The table below (data from [1]) compares different PEFT methods over 100 different NLP tasks using the T5-base model [8]. It also shows the performance of prompt-tuning on T5-large to highlight the power of scale of this method [3]. P-tuning isn’t explored here but yields better results than prompt-tuning [5].

Comparison of PEFT methods (data from [1])

Research on parameter-efficient fine-tuning has substantially increased recently, with various new methods emerging. Some approaches, like Compacter [9], combine ideas from different paradigms (both addition and reparametrization-based).

Similarly, different methods presented here can be combined, for instance, fine-tuning with both LoRA and prompt-tuning. For those considering these techniques, you can have a look at the HuggingFace PEFT library, which offers off-the-shelf implementations compatible with most HuggingFace models.

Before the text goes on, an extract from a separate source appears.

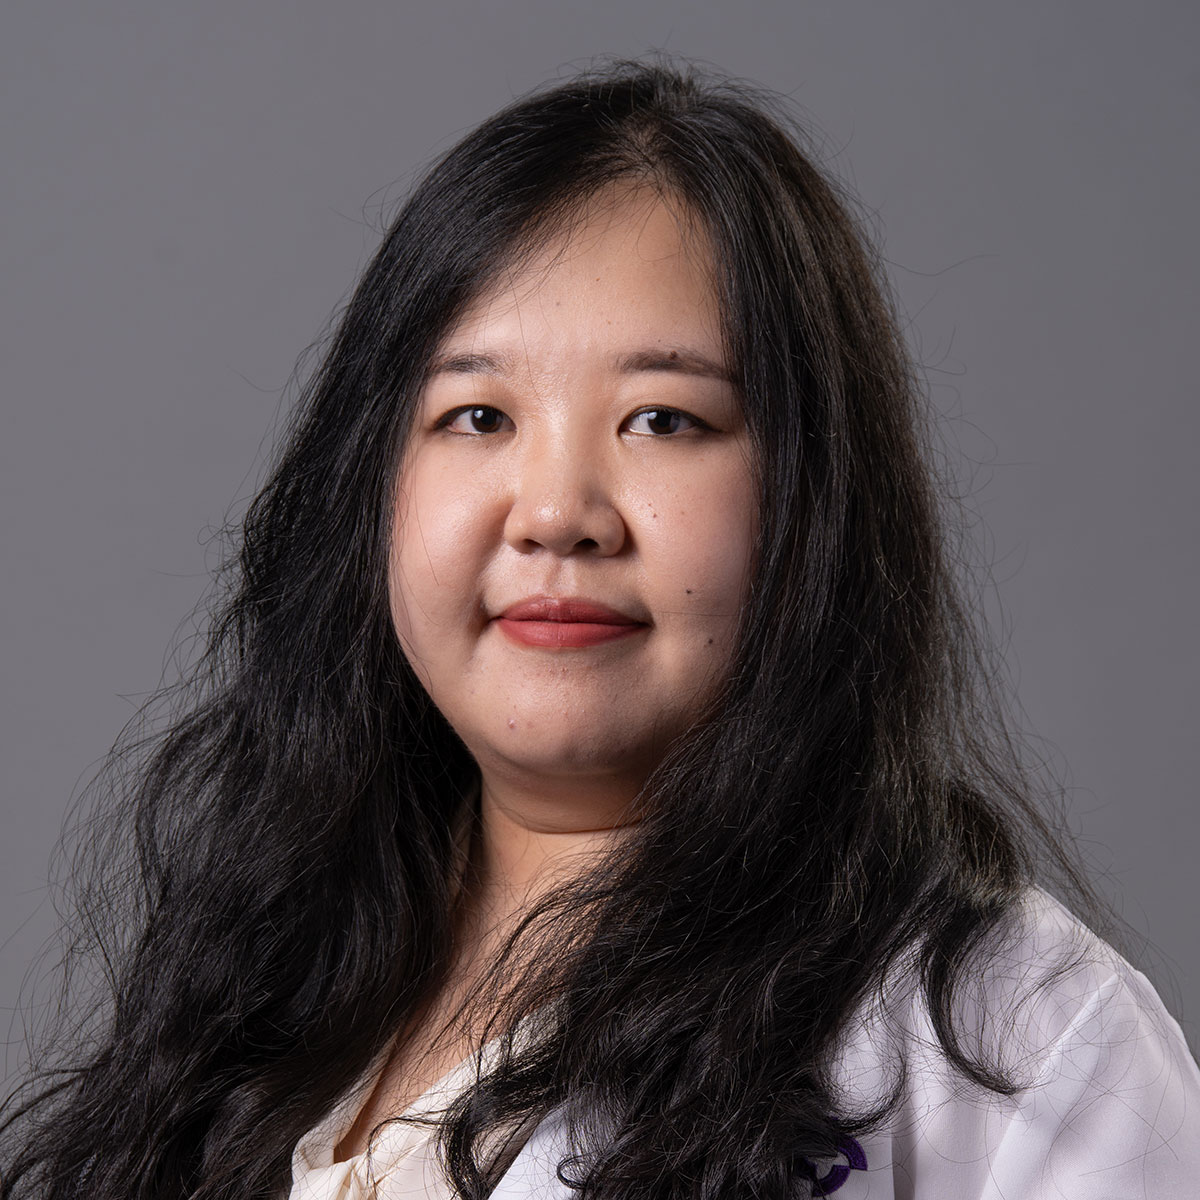 A friendly headshot of Dr. Jiaqi Mi
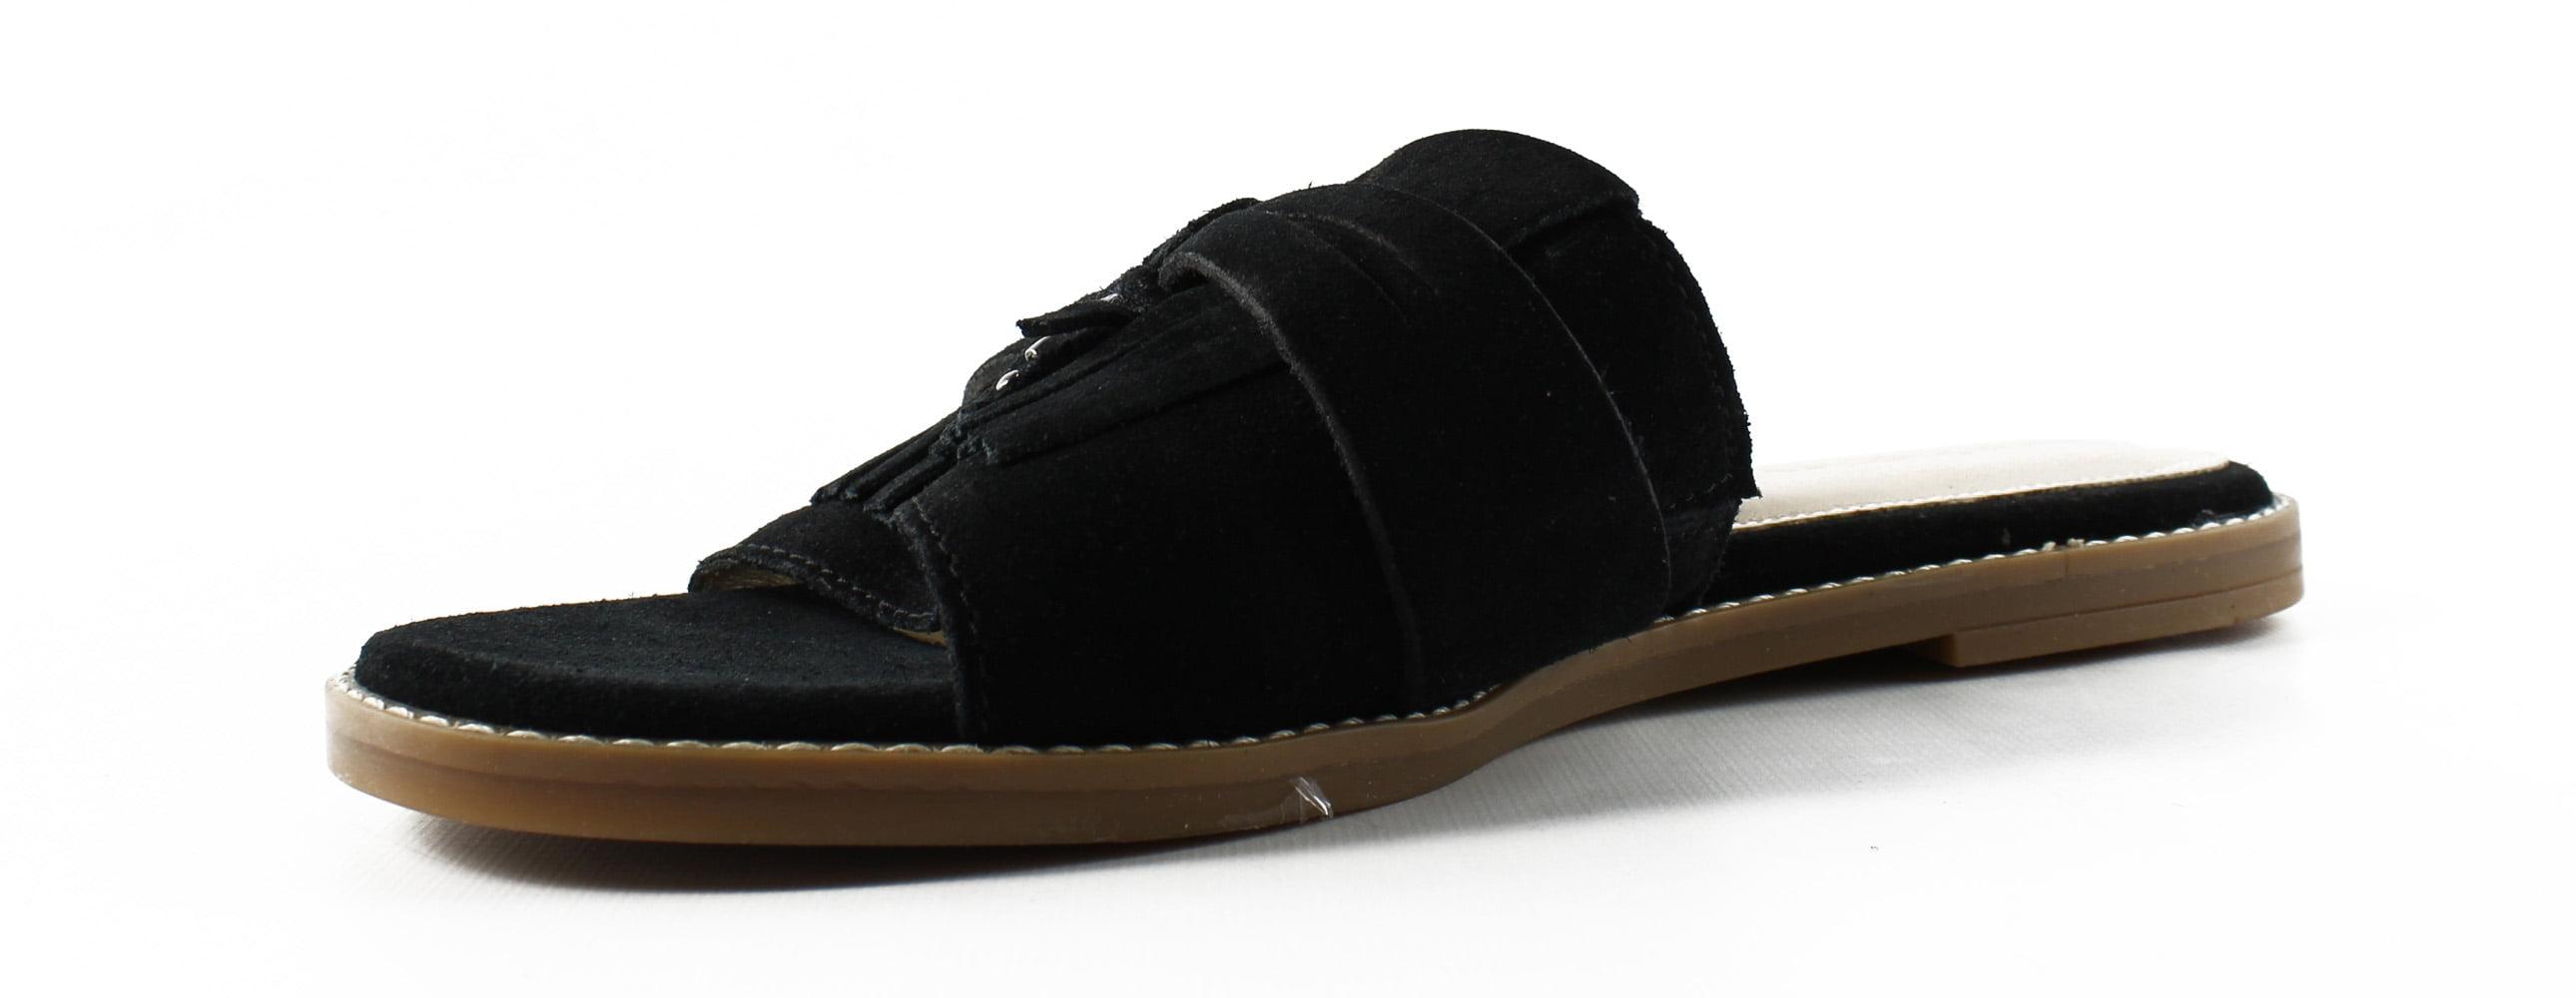 New HushPuppies Size Womens Hw06108-002 Black Slides Size HushPuppies 9.5 4edaf8

[1] Ding et al. (2022). Delta tuning: A comprehensive study of parameter efficient methods for pre-trained language models.

[2] Lialin et al. (2023). Scaling down to scale up: A guide to parameter-efficient fine-tuning.

[3] Lester et al. (2021). The power of scale for parameter-efficient prompt tuning

[4] Li, X. L., & Liang, P. (2021). Prefix-tuning: Optimizing continuous prompts for generation.

[5] Liu et al. (2023). GPT understands, too.

[6] Houlsby et al. (2019). Parameter-efficient transfer learning for NLP.

[7] Hu et al. (2021). Lora: Low-rank adaptation of large language models.

[8] Raffel et al. (2020). Exploring the limits of transfer learning with a unified text-to-text transformer.

[9] Karimi et al. (2021). Compacter: Efficient low-rank hypercomplex adapter layers.